Médicos que recomendam o uso terapêutico da maconha, contudo, geralmente só recorrem à alternativa quando outros tratamentos não surtem o efeito esperado para a melhora dos pacientes.

As autorizações judiciais se dividem entre dez municípios, da Região Metropolitana de Fortaleza ao interior do estado. Uma das autorizadas é, inclusive, presidente da Associação Medicinal do Ceará (AMECE). A fisioterapeuta Ana Carla conseguiu o habeas corpus em 2020, para tratar da saúde mental.

“Eu trato depressão e ansiedade. Eu tenho uma peculiaridade porque, por conta da depressão, eu tenho pensamentos suicidas. Eu faço o uso [da cannabis] para não tomar alopáticos”, explicou. O tipo de remédio evitado por Ana Carla é caracterizado por produzir efeitos contrários aos da doença tratada.

“Eu consegui o HC em agosto de 2020, no meio da pandemia, porque eu tive uma crise grande de ansiedade, por questões financeiras.

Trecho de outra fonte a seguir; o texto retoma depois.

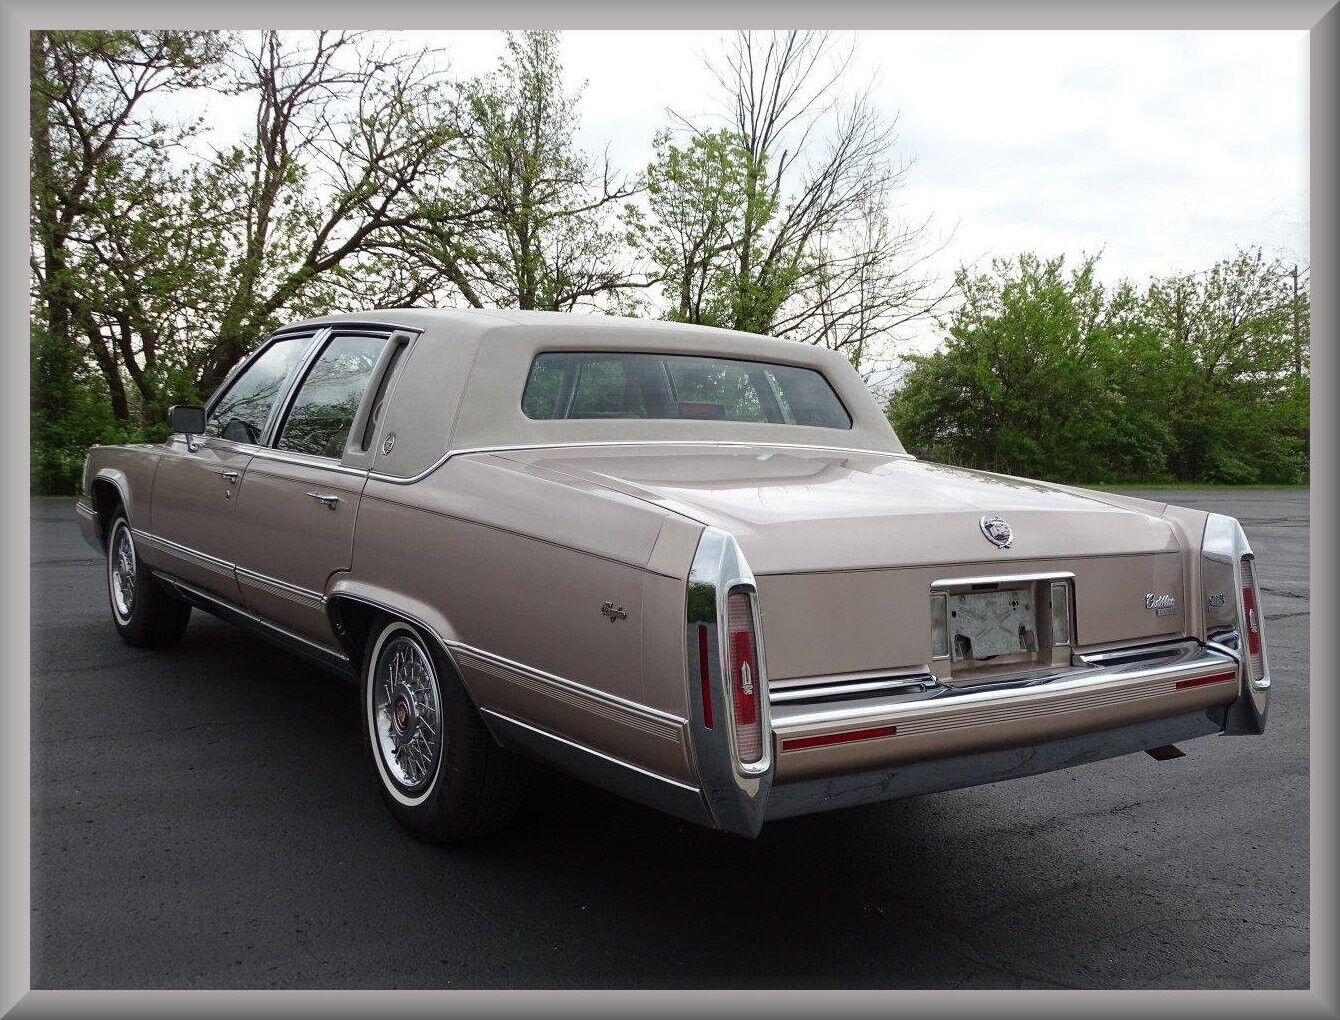 1992 Cadillac Brougham, Refrigerator Magnet, 42 MIL Thick

Foi quando eu descobri, dentro do processo terapêutico, que era o meu principal gatilho de ansiedade. Fiquei três dias sem dormir”, lembrou a fisioterapeuta.

Ana Carla conseguiu a autorização judicial para cultivo da cannabis após fortes crises de ansiedade. — Foto: Ismael Soares/SVM

Ana Carla explicou que, nos momentos de lockdown da pandemia de Covid-19, ela passou por momentos de crise financeira porque trabalhava como professora de pilates — atividade que teve de ser interrompida.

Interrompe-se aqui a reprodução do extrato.